IG Metall, Europe’s biggest manufacturing union, and Germany’s industrial employers suspended a fifth round of talks on pay and hiring amid an impasse over temporary contracts and apprenticeships.
Negotiations will resume May 18, IG Metall said in an e-mailed statement today from its Stuttgart-based office in Baden-Wuerttemberg state, where the latest round of talks with Suedwestmetall, the manufacturers’ association in the region, lasted 20 hours.
“We have made progress, but not yet sufficient progress,” Joerg Hofmann, the union’s leader in the state, said earlier. “We still have no enduring solutions in sight as regards the issues of temporary workers and guarantees of permanent contracts for people completing apprenticeships.” The sides have yet to discuss a 6.5 percent wage demand by the labor union, Hofmann said.
German workers are seeking above-inflation wage increases as they negotiate a bigger share of the rebound in Europe’s biggest economy, underscoring the divergence between Germany and the rest of Europe as the debt crisis rages.
The German economy grew 0.5 percent in the first quarter of 2012 after shrinking 0.2 in the last three months of 2011, the Federal Statistics Office in Wiesbaden said yesterday. Factory orders and industrial production both rose more than economists forecast in March.
The debt crisis has already pushed eight euro-area nations into a recession, commonly defined as two consecutive quarters of contraction, with Spain’s economy the latest to succumb, according to statistics released yesterday.
As European car sales slid for a seventh consecutive month in April, registrations in Germany, the continent’s largest auto market, increased 2.9 percent to 274,066 vehicles, the Brussels-based European Automobile Manufacturers’ Association, or ACEA, said today.

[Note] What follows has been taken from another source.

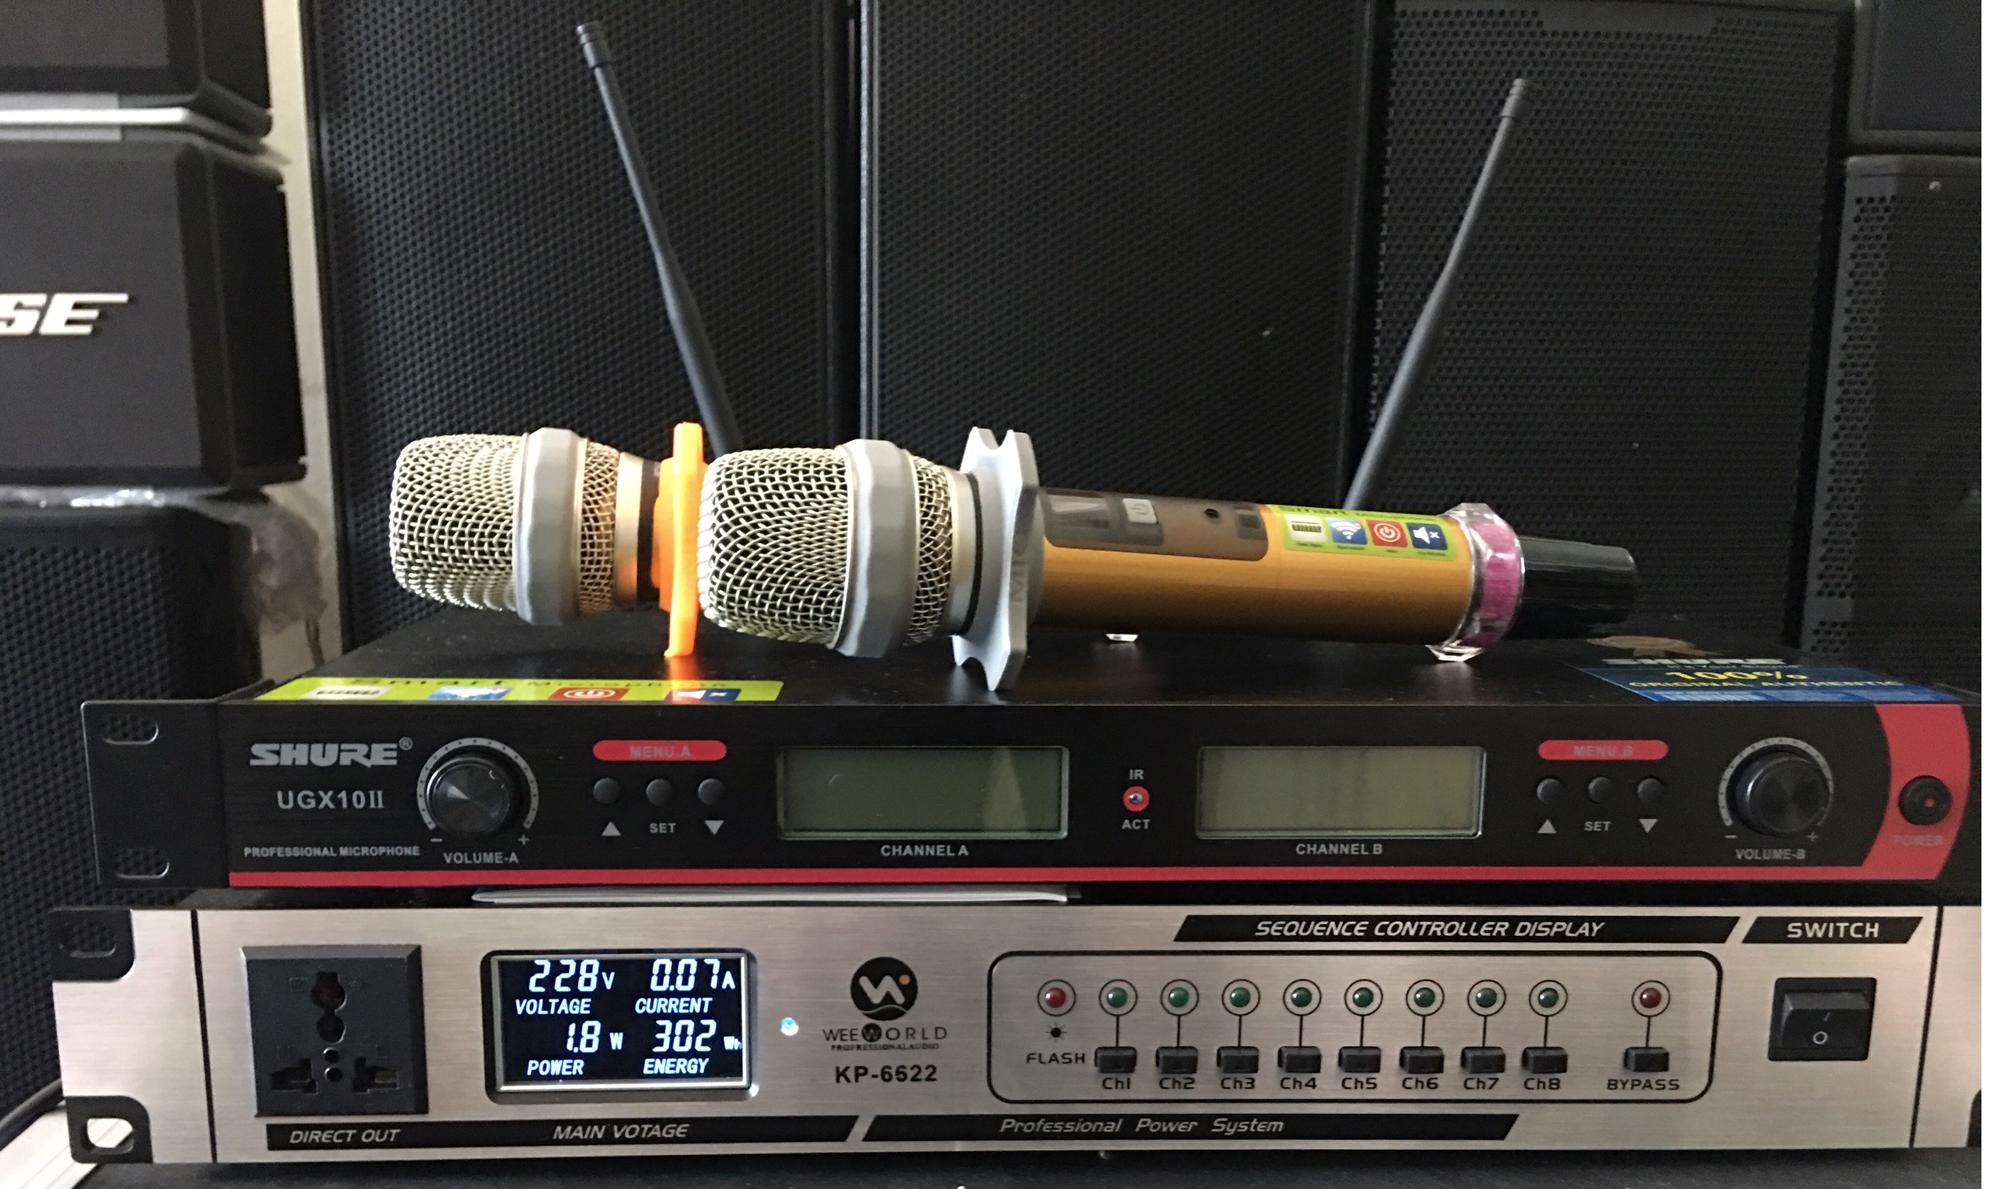 Mua Quản lý nguồn âm thanh KP6622 ở đâu tốt?

IG Metall is demanding a 6.5 percent wage increase for the 3.6 million metalworkers across Germany. The union also wants more say over temporary employment and guarantees of permanent contracts for people completing apprenticeships.
Baden-Wuerttemberg in Germany’s southwest is home to companies including Daimler AG, Porsche SE and Robert Bosch GmbH, and is the union’s benchmark region for contracts nationwide. Negotiations in other tariff regions have been paused pending the talks in Baden-Wuerttemberg, according to IG Metall.
Suedwestmetall is offering a 3 percent raise over 14 months for the 800,000 people employed in electronics and metalworking in the state of Baden-Wuerttemberg.
“I am confident that negotiations will continue on Friday at 10 a.m.,” Rainer Dulger, Suedwestmetall’s chief negotiator, told reporters. “We have made considerable progress. We have not yet spoken on salary raises. I strongly believe that we will be able to talk on pay at the next negotiation round.”
Martin Kannegiesser, the president of Germany’s metal industry association, and Berthold Huber, IG Metall’s chairman, joined the talks early this morning, suggesting that negotiations have entered the final phase.
Since April 30, 750,000 workers have participated in warning strikes, IG Metall said yesterday in an e-mailed statement. The temporary walkouts have resulted in 150,000 work hours lost and cost Baden-Wuerttemberg companies an amount in the “high double-digit” million range in sales, according to Suedwestmetall. Workers don’t get paid for the hours they go on strike.
German Finance Minister Wolfgang Schaeuble defended labor leaders’ pay demands in an interview published by Focus magazine on May 5. The country’s businesses can afford higher raises than other European nations because Germany has undergone years of political and economic reforms already, Schaeuble was cited as saying.
Ver.di, the main labor union for non-manufacturing workers in Germany, won agreements in late March for as much as a 6.3 percent pay increase by the end of 2013 for state and municipal employees.